In my recent article for IP Watchdog, Taking a Data-Centric Approach to Today’s Security Landscape, I highlighted the importance of organizations taking a data-centric approach to security to safeguard against today’s sophisticated, and even amateur, cybercriminals. IP Watchdog particularly focuses on the security of all things IP (intellectual property) which brings us to another sector of high valued information—IP mappings.
IP mappings can be critical to the security of an organization’s database because of its link to client accounts and the location of those accounts within the database. Malicious attacks scanning the system for information on client accounts, such as financial data or trade secrets, would need to spend time and effort to locate the data. If hackers were able to expose the organization’s IP mappings, it would enable them to easily navigate the system and access the information before the organization knew it was under attack.
The recent Ponemon study, Risky Business: How Company Insiders Put High Value Information at Risk, found that almost three quarters of the IT security practitioners surveyed said their organization lost confidential information in the past year. I expect the standard approach to addressing this problem is to employ stronger perimeter security methods to ensure that only authorized users could access databases and the sensitive, high-value information inside.

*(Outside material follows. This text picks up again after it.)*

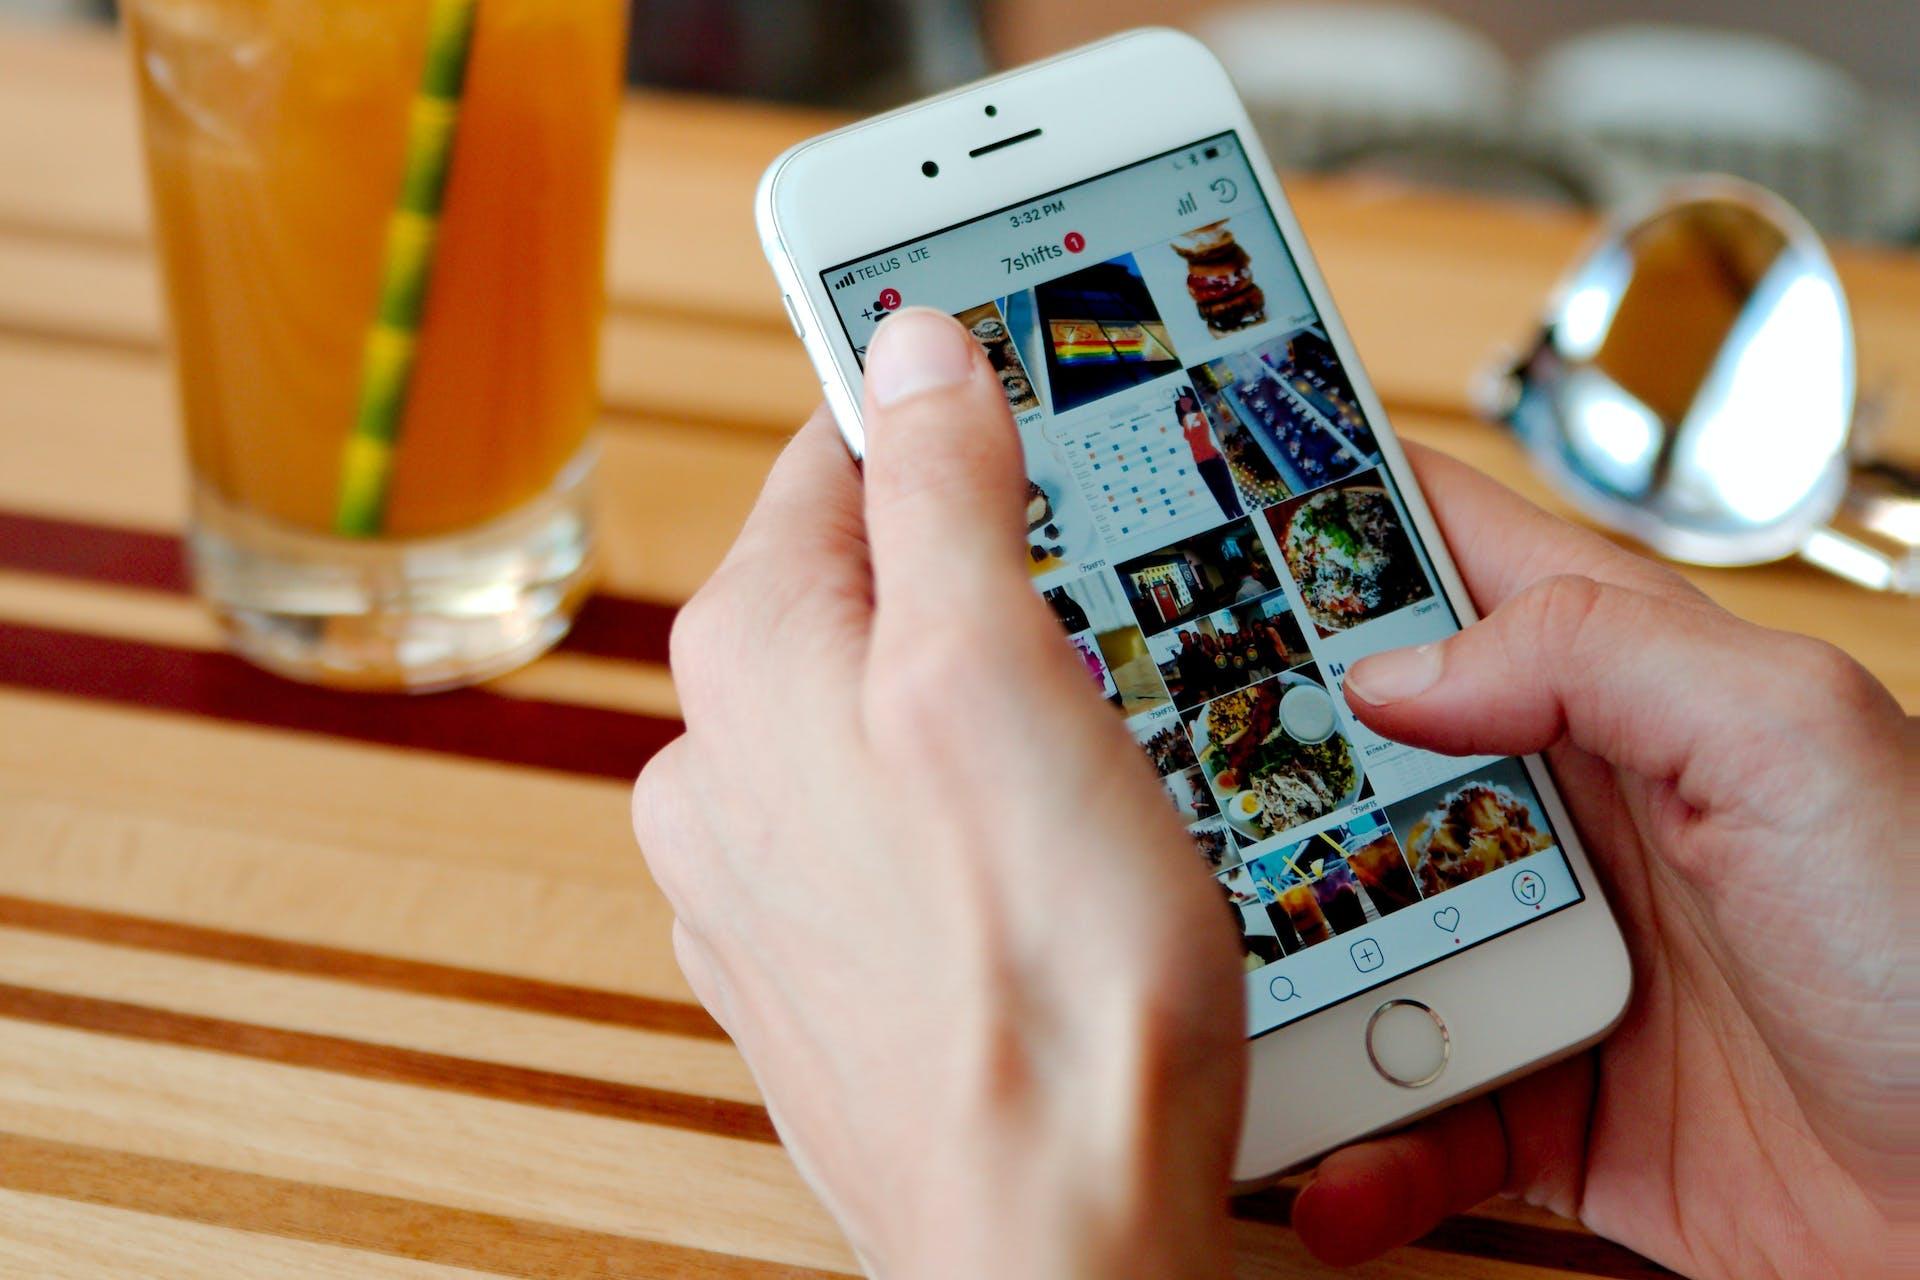 Foto von weiblichen Händen, die ein weißes Smartphone halten, bei dem der Instagram Feed offen ist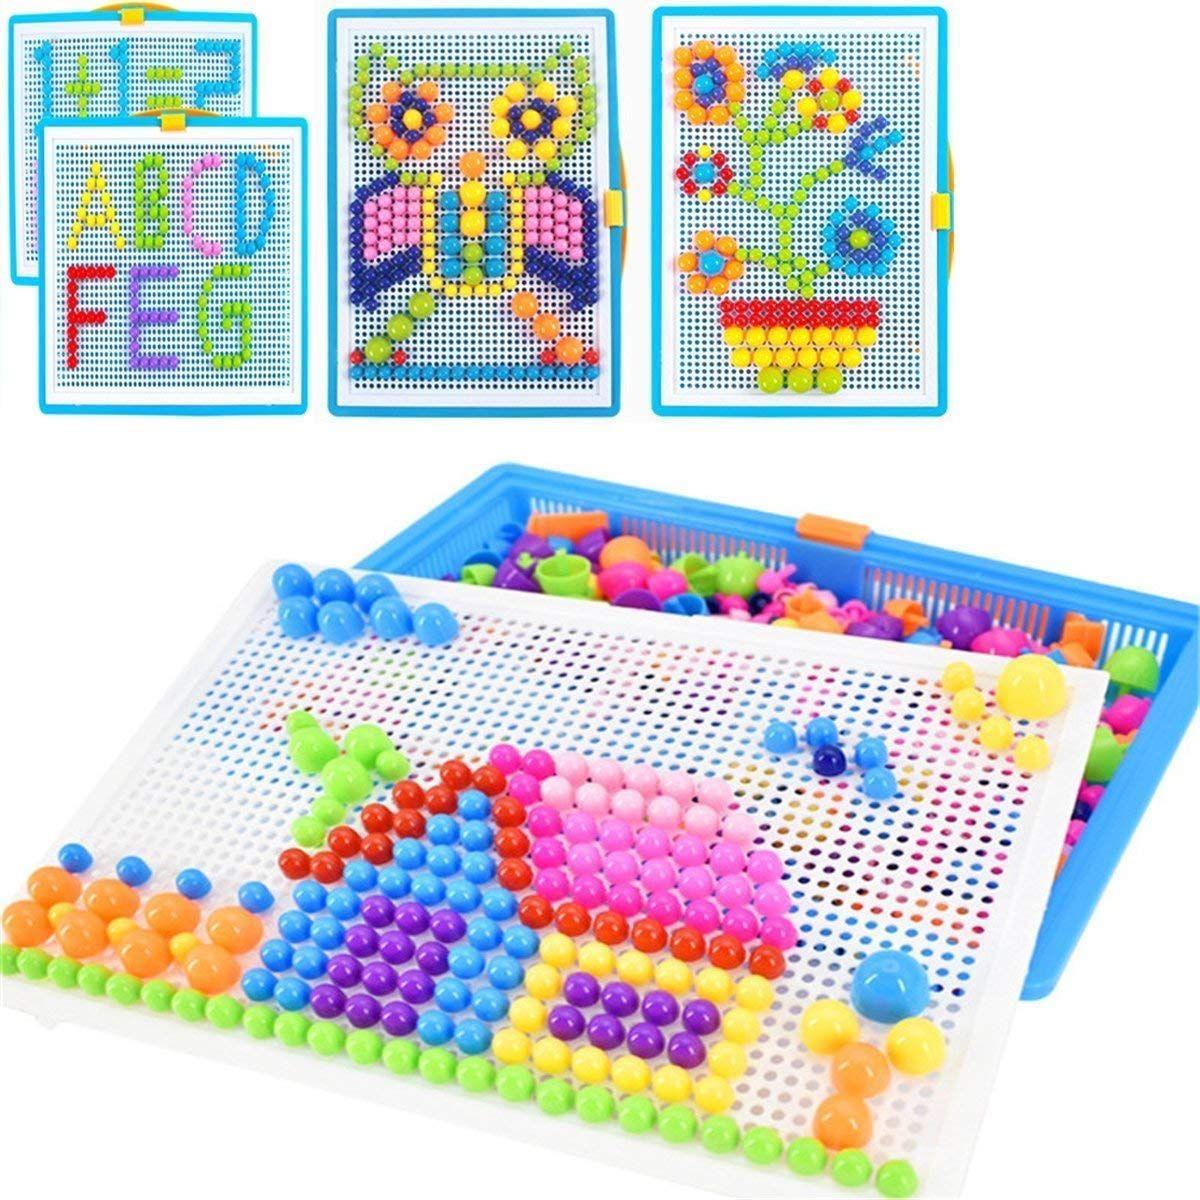 Mosaik Puzzle Spielzeug F R Jungen M Dchen Kinder Ab 3 Jahre Mosaikstecker Bausteine Blocks Steckmosaik S In 2020 Kinder Lernspielzeug Kinder Spielzeug Kinderspielzeug

But what about protecting it from internal users who decide to expose this information for their own gains? The only real way to protect IP mappings is by using encryption. Encryption protects all sensitive documents and files wherever they are accessed, inside or outside of the system.
While encryption is an important factor in protecting the integrity of IP mappings and where they lead, organizations should still implement employee training and a data-security framework to further boost the security of their high valued information.
Proactive thinking will keep organizations ahead of cybercriminals looking to do damage to their company, reputation, and customers. One form of security software is not enough.